教育福島0064号(1981年(S56)09月)-036page
わたしの研究実践
体力つくりの指導
−持久走の指導を中心にして−
福島県立福島北高等学校教諭
伏見貞俊
一 はじめに
本校は、昭和五十二年度から、五十四年度までの三年間、文部省より体力つくり推進校に指定されたが、当時は校舎改築全面移転のため、体育施設はわずかに百メートル四方の運動場と格技場のみという貧弱さであった。このような状態のなかで、いかにして生徒の体力つくりに取り組むかについて、いろいろ考えたが、結論は、施設に頼らない体力づくりは、野外走(持久走)以外にはないということになった。
体力つくりは、押しつけるものではなく、各自がその必要性を認識し、楽しみながら意欲的に実践して行かなければならない。

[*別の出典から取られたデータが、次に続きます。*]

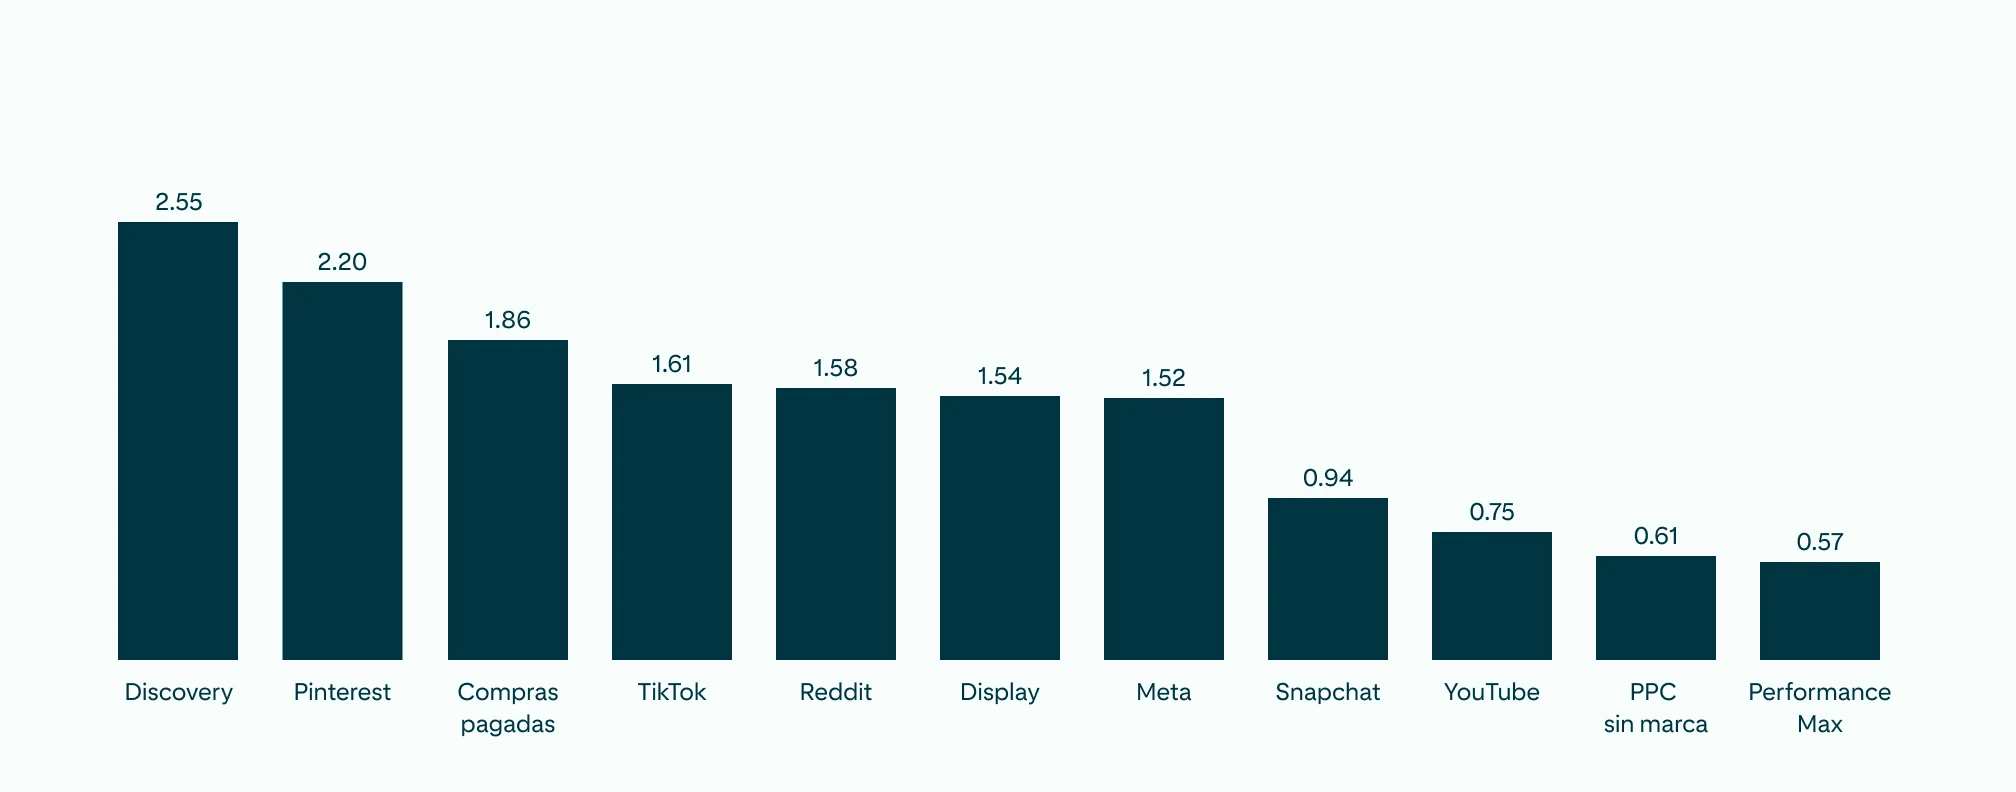    Gráfico de barras que muestra el ROAS en todos los canales de medios sociales en los que Pinterest se destaca sobre otras plataformas, solo ligeramente por detrás de Discovery.

しかし、持久走は、体育授業の教材のなかで、生徒が一番嫌うものでありその種目をいかにして生徒に興味を持たせながら実践していくかが問題点となった。
二 意識調査
生徒が体力つくりについてどのような意識を持っているか、また、体力つくりのためにどのようなことをしているかを調査した結果は、
(一) 自分は体力がないと思う者は、全体の約八十五パーセントで、体力がないと感じる時として
1) 体育の授業の時
2) スポーツテストの時
3) 運動の部活動をしている時
4) 通学の時
5) 長い時間勉強した時
などをあげ、
(二) 九十パーセント以上の生徒が体力つくりの必要性を認識しているもののほとんどの生徒がなにもしていないと答えている。
その理由は
1) なにをしたらよいのかわからない
2) 一人でやるのはつまらない
3) 用具や施設がない
などであった。
(三) 持久走については、嫌いと答えた者が大部分で、わずかに運動部員に好きなものがいただけであった。
嫌いな理由として
1) 疲れるから
2) 完走できるかどうか不安だから
3) 単調であきるから
4) 遅いのを他人に見られると恥ずかしいから
5) 孤独感を感じるから
などがあげられた。
以上のような意識調査の結果から実践に対する方法を検討した。
三 実践の方法
(一) コース設定の考え方
1) 単調にならないように、短いコース、長いコース、起伏のあるコースなどいろいろなコースを設定する。
2) 完走に対する不安を除くため、いつでも校舎が見えるようなコースも設定する。
3) 全生徒が授業時間内に、完走できる(三十分)距離のコースとする。
4) 自動車などの交通量を考えて、安全なコースを設定する。